DBCC TRACEON (2588) DBCC HELP (' IND ') DBCC execution is complete. If DBCC outputs an error message, contact your system administrator. DBCC IND ({' dbname ' | dbid}, {' ObjName ' | objid}, {nonclustered indid | 1 | 0 |-1 |-2} [, Partition_number]) DBC C is finished executing. If DBCC outputs an error message, contact your system administrator.
The format of the output has 4 ways, different ways, the output is not the same.
    • -2: Returns all IAM pages, based on the management of in-row data pages, row overflow data pages, and IAM pages for large object data pages
    • -1: Returns all IAM pages and data pages.
    • 0: Returns an IAM page that manages data pages within rows, in-row data pages
    • 1: Returns data page information for clustered index and IAM page information (same-1)
    • 2: Returns data page information and IAM page information for the 1th nonclustered index
    • 3: Returns data page information and IAM page information for the 2nd nonclustered index
    • ...
    • N: Returns data page information and IAM page information (n>1) for the n-1 nonclustered index

3.1.2 Test CasesNew table, Tbpage_c, contains large data objects and row overflow situations. Insert a row of data, and then analyze.

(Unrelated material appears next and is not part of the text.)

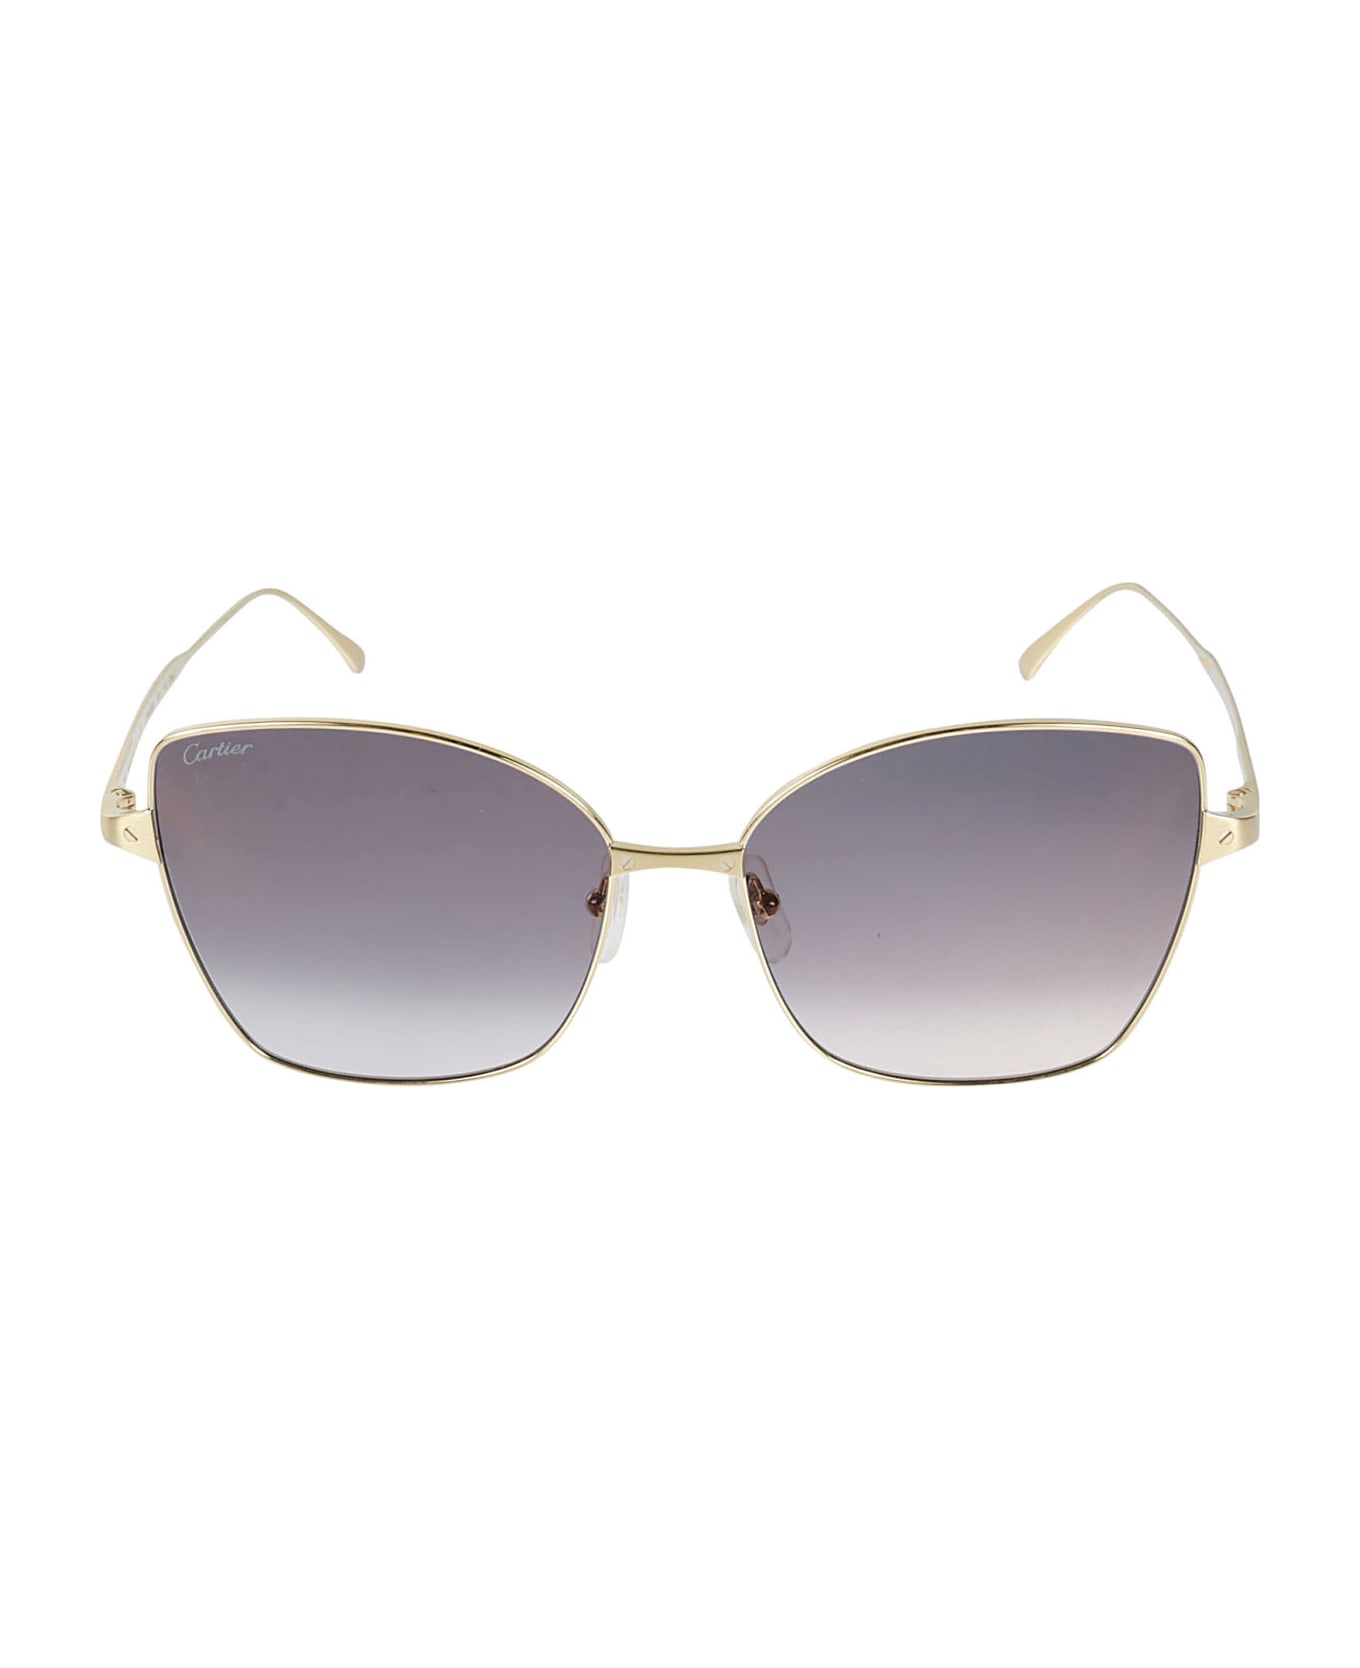 Cartier Eyewear Cat Eye Square Sunglasses - Gold/Grey サングラス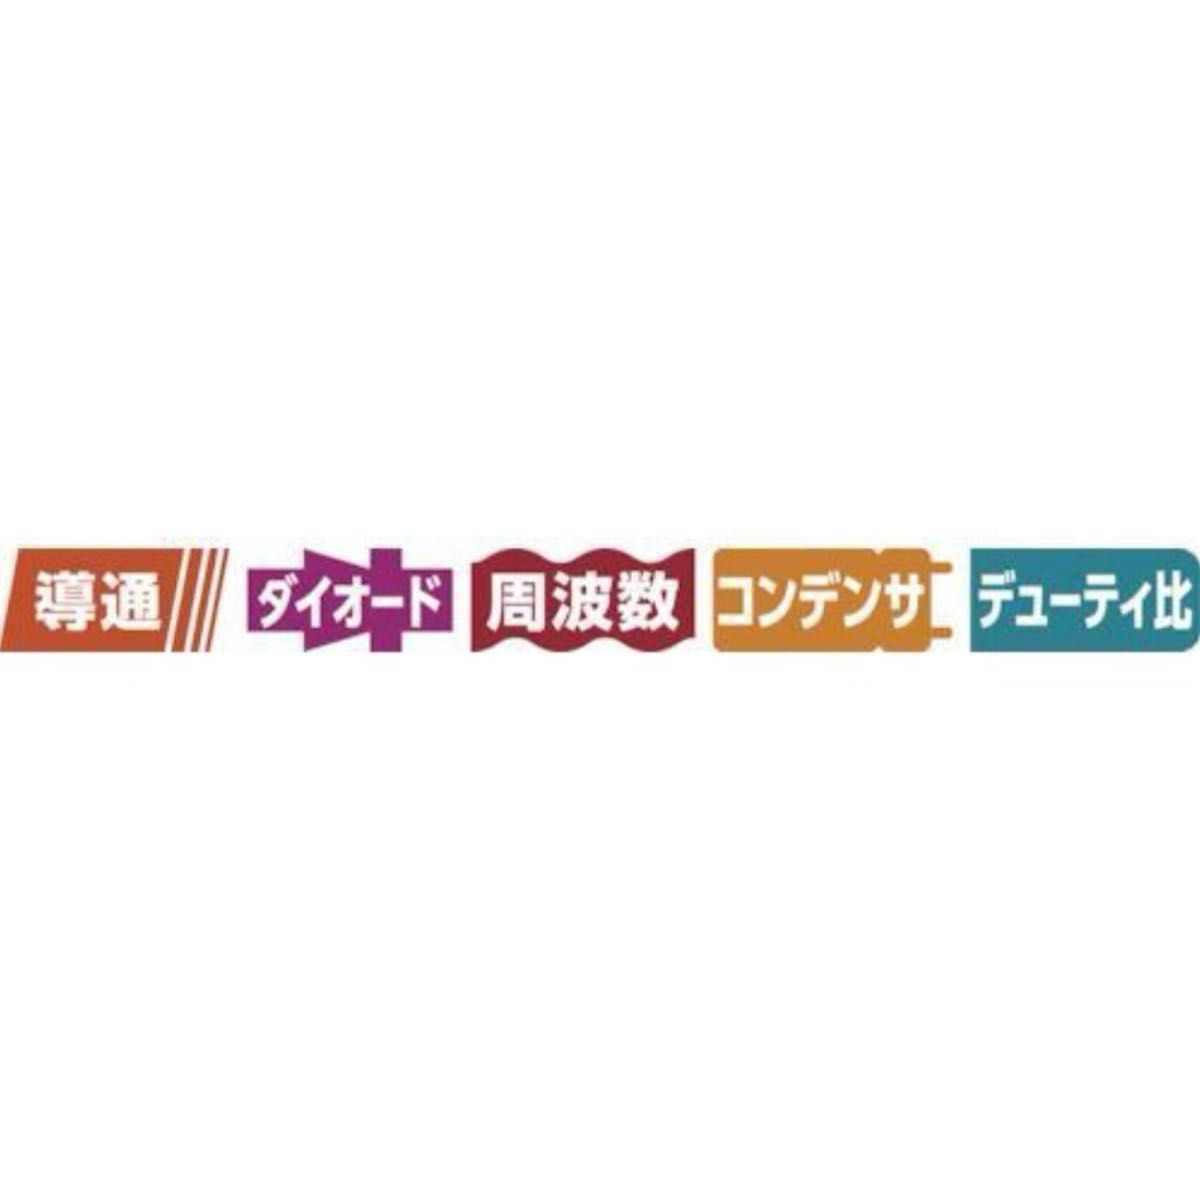 ■SANWA 【デジタルテスター】デジルマルチメータ 保護カバー付き

In the database, each row of data is stored by default on the same data page, if a data page can not store a row of data, then there will be row overflow situation, specifically to understand the row overflow, so in this table, set two data columns occupy space >8k, see table SQL as follows, the SQL to build data is as follows.
CREATE TABLE Tbpage_c (ID int identity () NOT null primary key, Namea varchar (6000), Nameb varchar (+), descriptions text ) #name_a insert 6,000 characters, name_b insert 3,000 characters, descriptions insert 100 characters insert into Tbpage_c (namea,nameb,descriptions) Select      substring (Stuff ((select name+ ', ' from Master.dbo.spt_values for XML Path ("))," ("),"), 1,6000),      SUBSTRING (Stuff ((select name+ ', ' from Master.dbo.spt_values for XML Path (')), "("), "), 1,3000),      substring (stuff ( Select Name+ ', ' from Master.dbo.spt_values for XML Path (') '), 1, 1, '), 1,100)

DBCC IND (' dbpage ', ' Tbpage_c ',-2)

The option is-2, which displays all IAM pages for the table. Because the table has row overflow and large object column, so there will be its corresponding IAM page, so you can see there are 3 iam, in-row data, row-overflow data, LOB data.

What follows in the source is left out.